» TASK DIRECTIONS:
Look through the listing below for the line containing "Quick Pizza Dough No Rise". Copy it and each line after it up to and including the line containing "Glen Moray Malt", exactly, leaving out pictures.

» DATA RECORDS:
--------------------
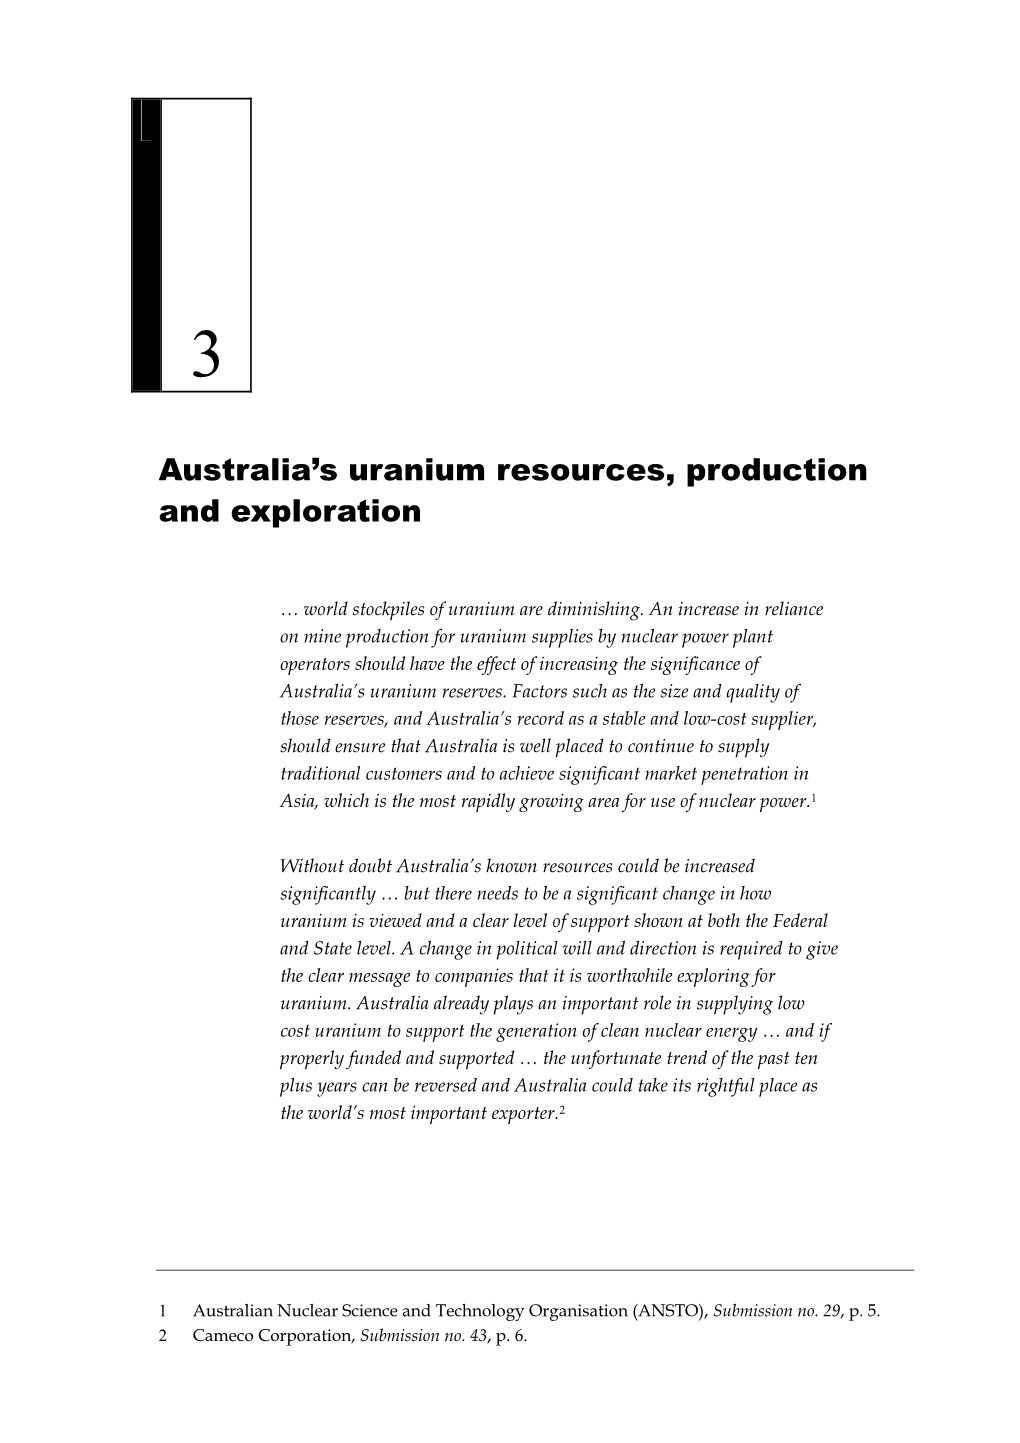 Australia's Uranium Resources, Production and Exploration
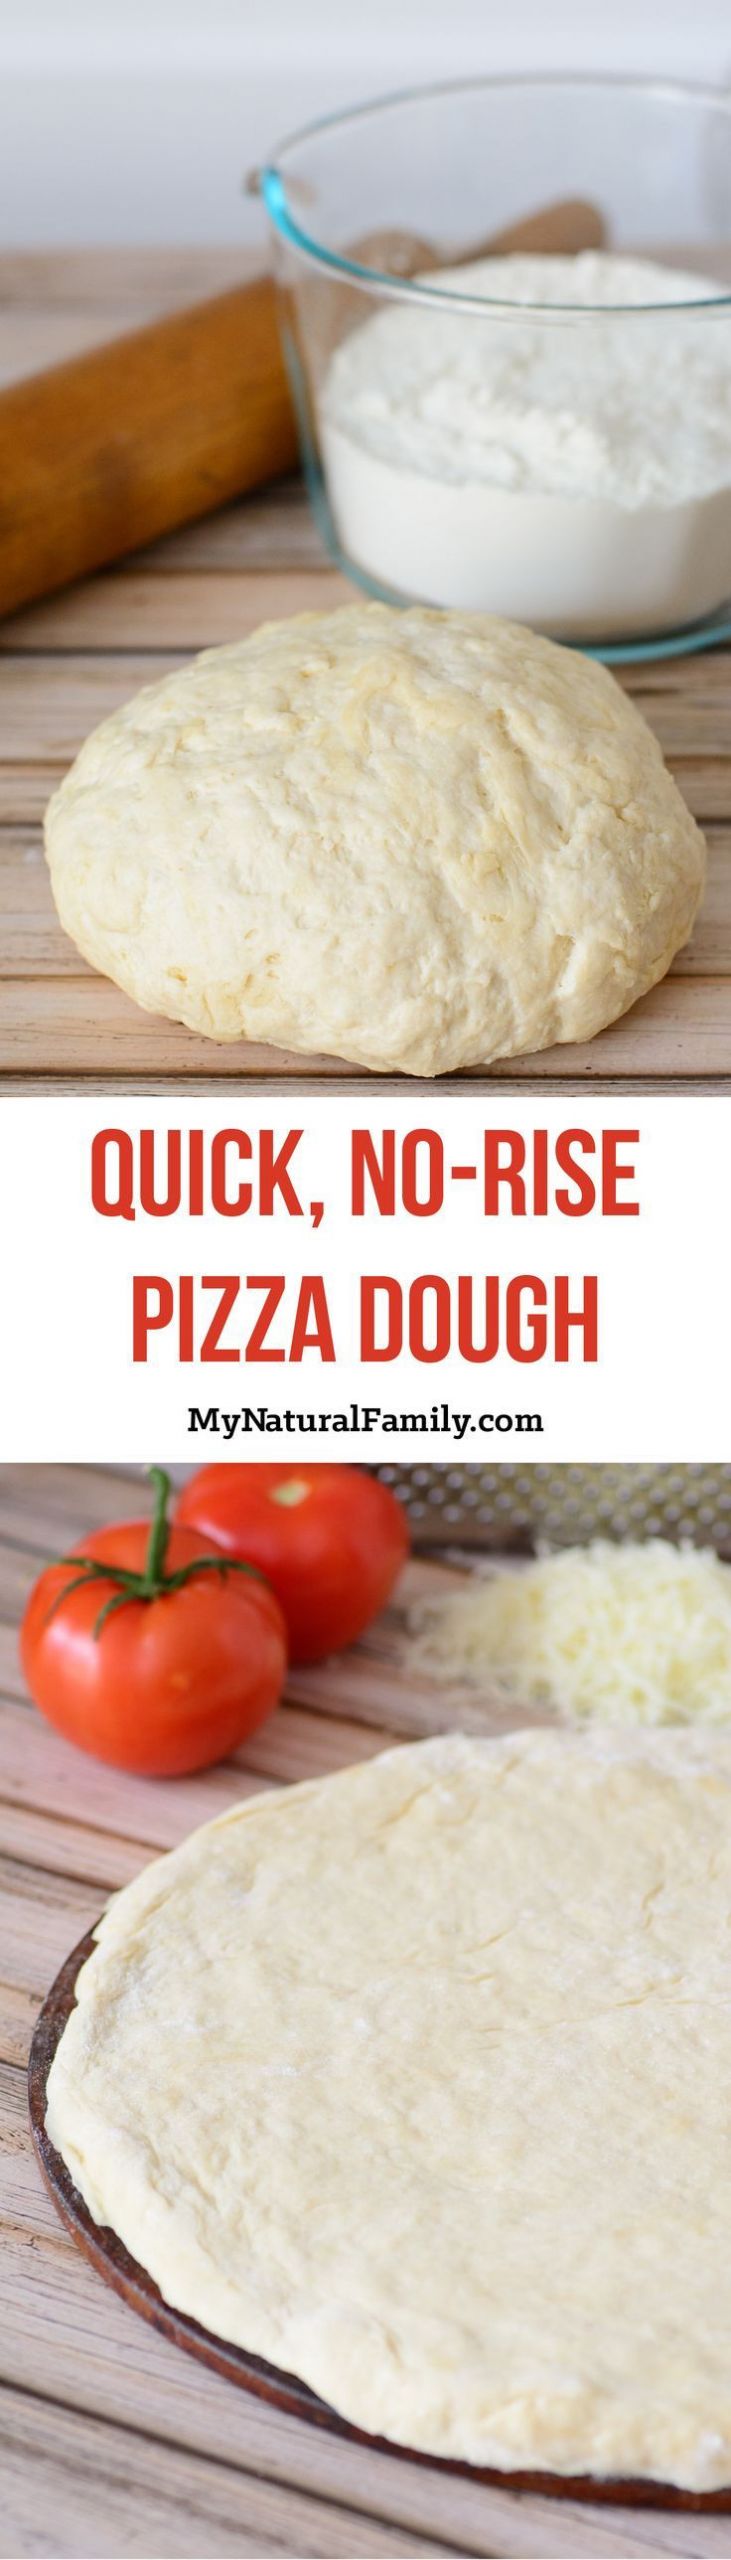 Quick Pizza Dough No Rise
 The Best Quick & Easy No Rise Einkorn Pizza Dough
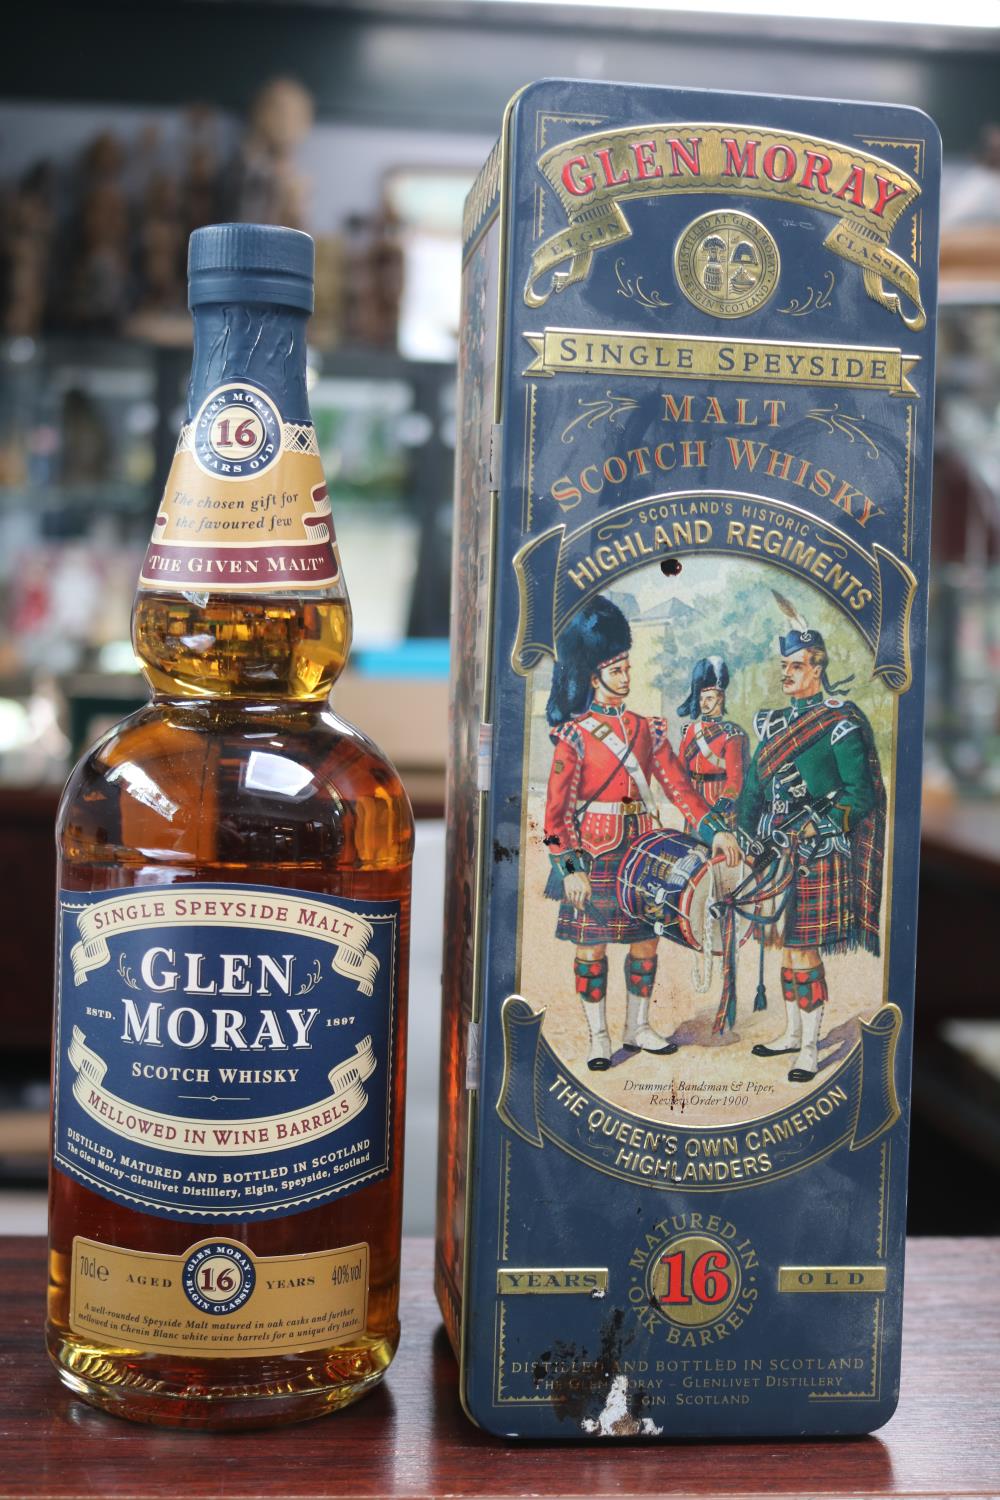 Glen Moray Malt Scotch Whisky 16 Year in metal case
--------------------
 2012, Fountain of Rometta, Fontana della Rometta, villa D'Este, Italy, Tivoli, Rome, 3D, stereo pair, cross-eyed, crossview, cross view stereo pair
--------------------
» SOLUTION FOR THIS TASK:
 Quick Pizza Dough No Rise
 The Best Quick & Easy No Rise Einkorn Pizza Dough
 Glen Moray Malt Scotch Whisky 16 Year in metal case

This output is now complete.